I know that we’re supposed to use all this technology we have at hand, and I have to admit that it’s great. Social media, blogging, websites, webinars… all good stuff.  But, there’s a lot to be said for getting to know someone’s handshake.  It’s kinda cool to see their facial expressions.  To laugh together at something funny, as opposed to typing “lol”, or my favorite “Hahaha”.

So, there is a ton of information out there about networking.  The presentation I went to today was very informative and enjoyable.  I was, of course, networking at the networking presentation.  lol

Years ago, I was reading about networking, and I loved this piece of advice.  Don’t network by talking about yourself.  Network by listening and asking questions.  The premise is… If you’re interested in other people, they will find you interesting.  That is, ask them about their business.  Follow up with a question about what they just told you, or a general business question.

I’ve found this to be true, for the most part.  Of course, you want to answer questions, but focus on listening.  Yes, your elevator speech is important.  But not as important as using your active listening skills when they are giving you their elevator speech.  After all, you already know about yourself.
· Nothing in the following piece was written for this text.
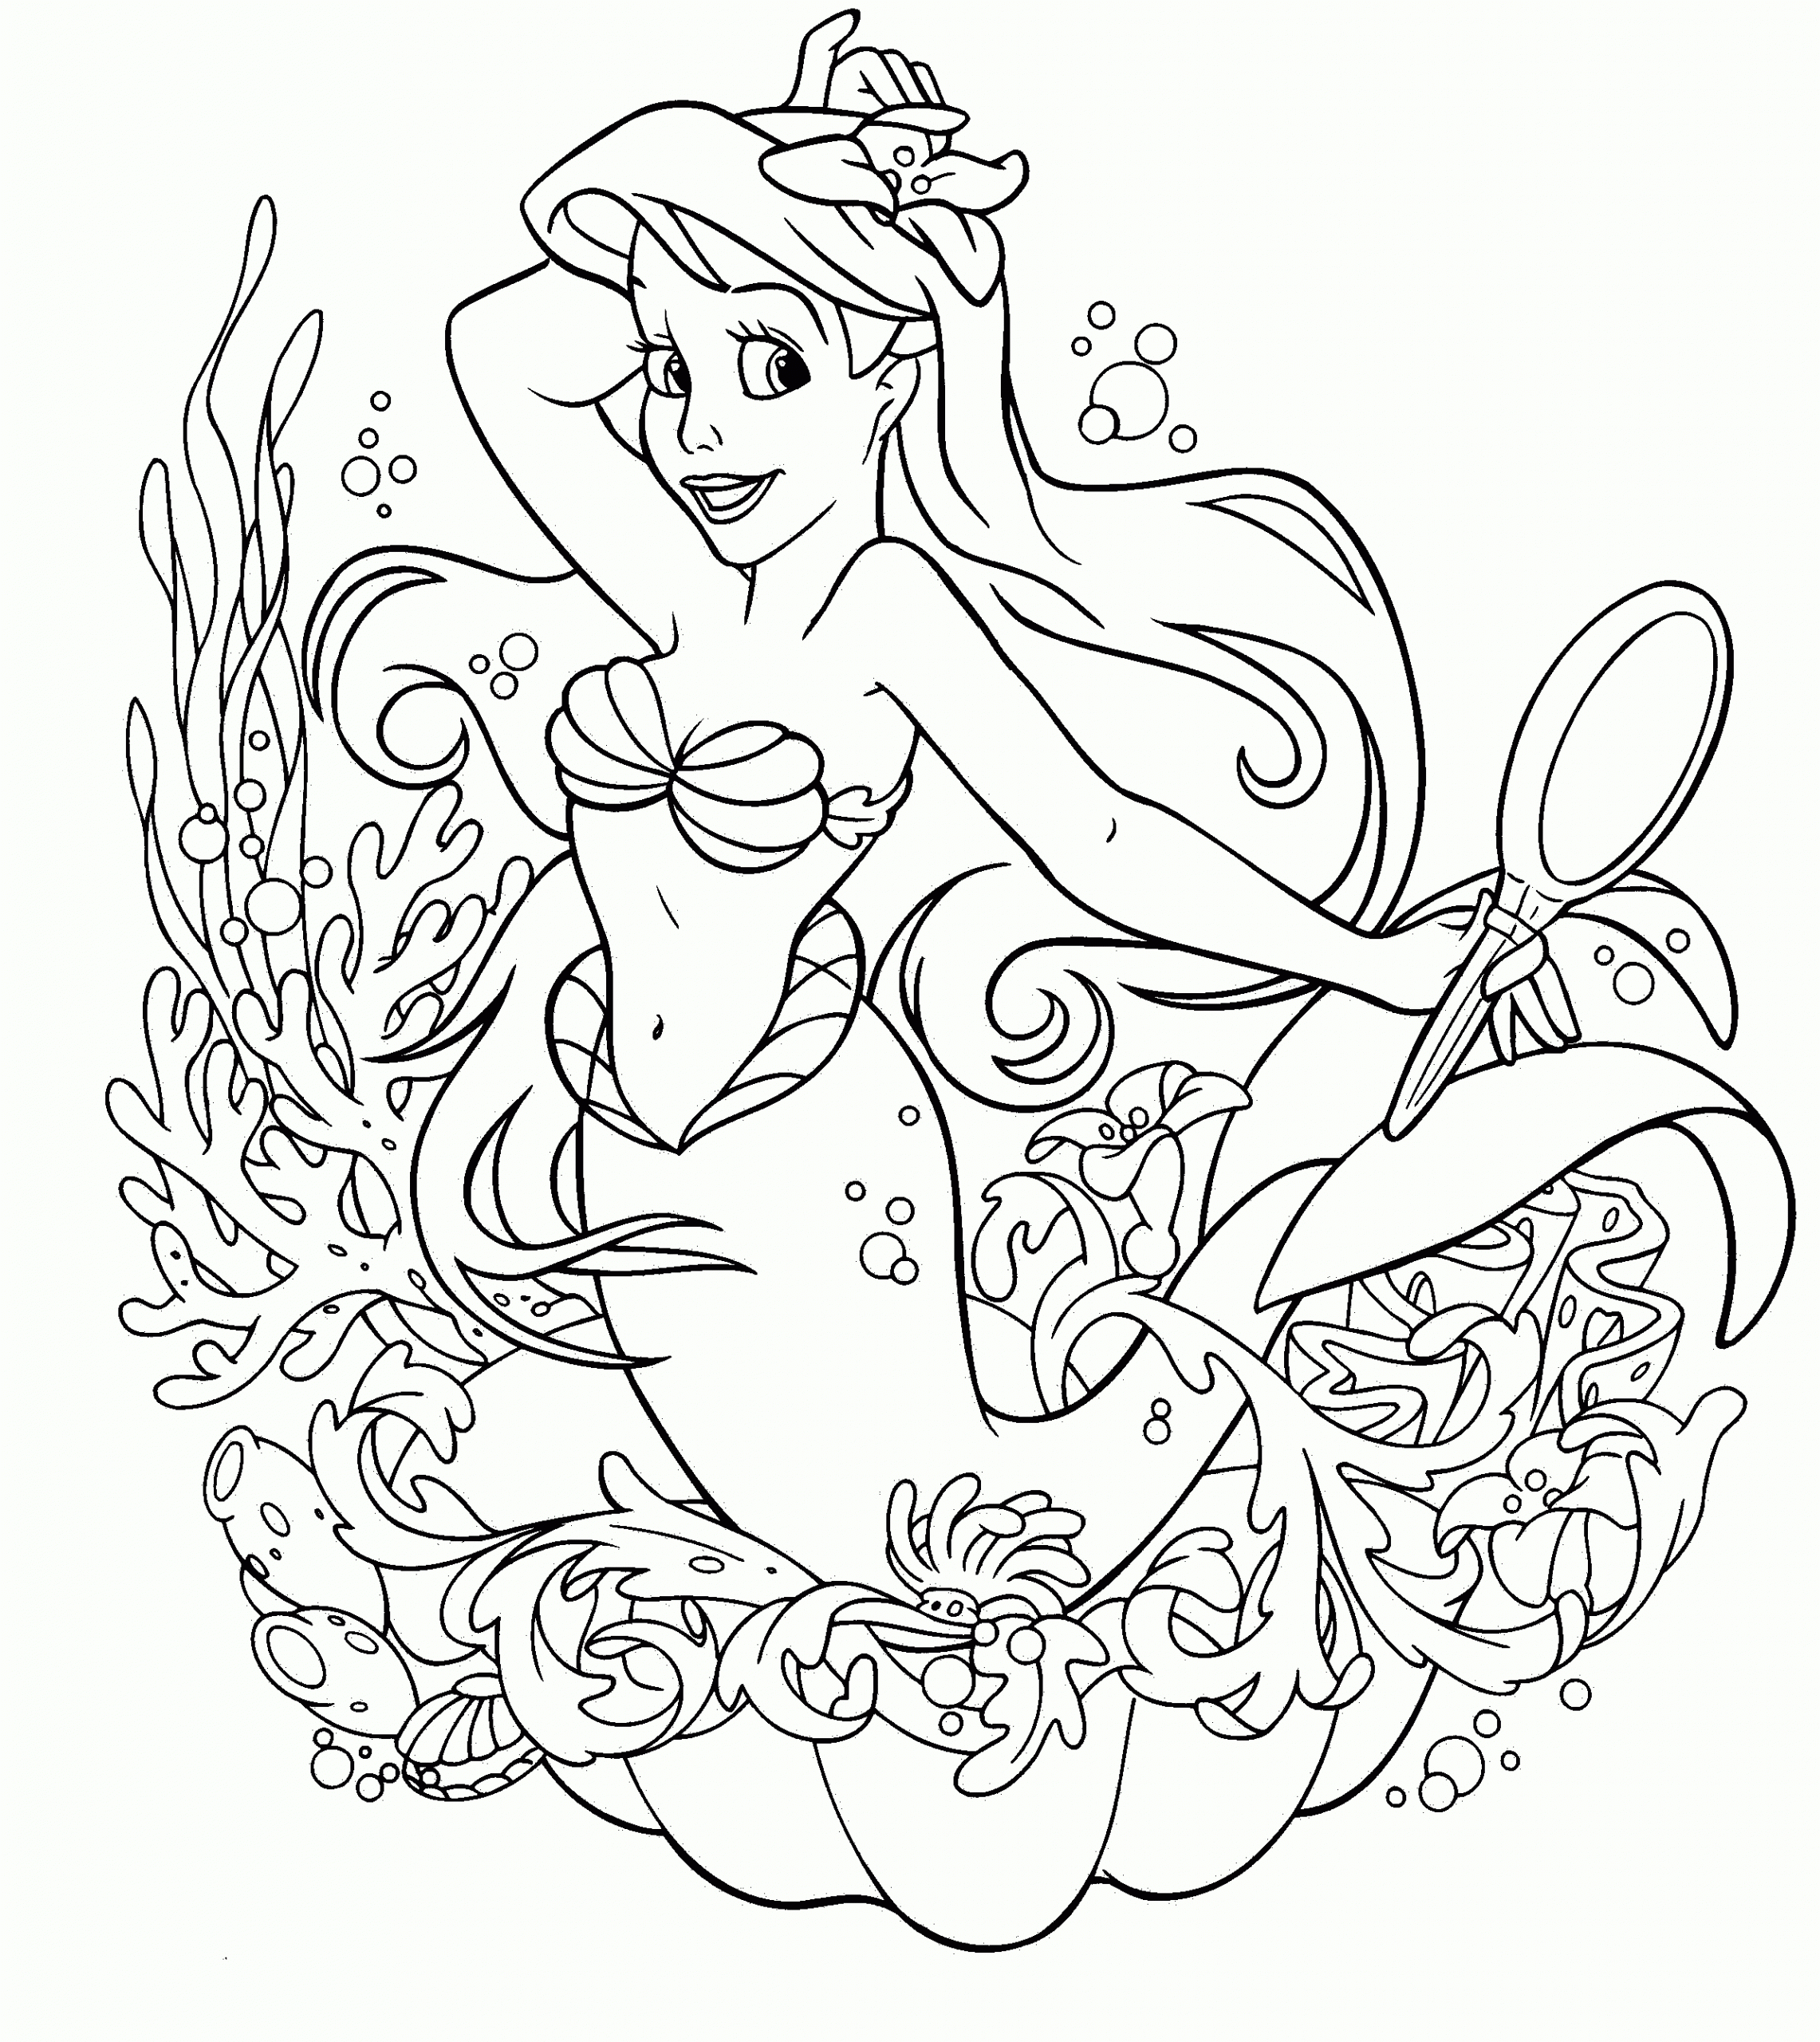 Princesse Disney : Coloriage La Sirène À Imprimer Et Colorier concernant Coloriage Princesse Sirene

Something I picked up today that I thought was great.  When you’re at a networking event, you might be feeling weird about talking to people you don’t know. Notice the person that’s off to the side, feeling awkward like you, and talk to them.  You’ll both feel relieved, and you won’t have to worry about interrupting a conversation.

Think of ways to be a matchmaker with people who you meet. Introduce them to each other.  Consider strategic pairings… power partners.  Once you’ve met people who can complement each other’s businesses, put them in touch.

How do you feel about networking in person?  Is it a thing of the past, or does it still have value in today’s business environment?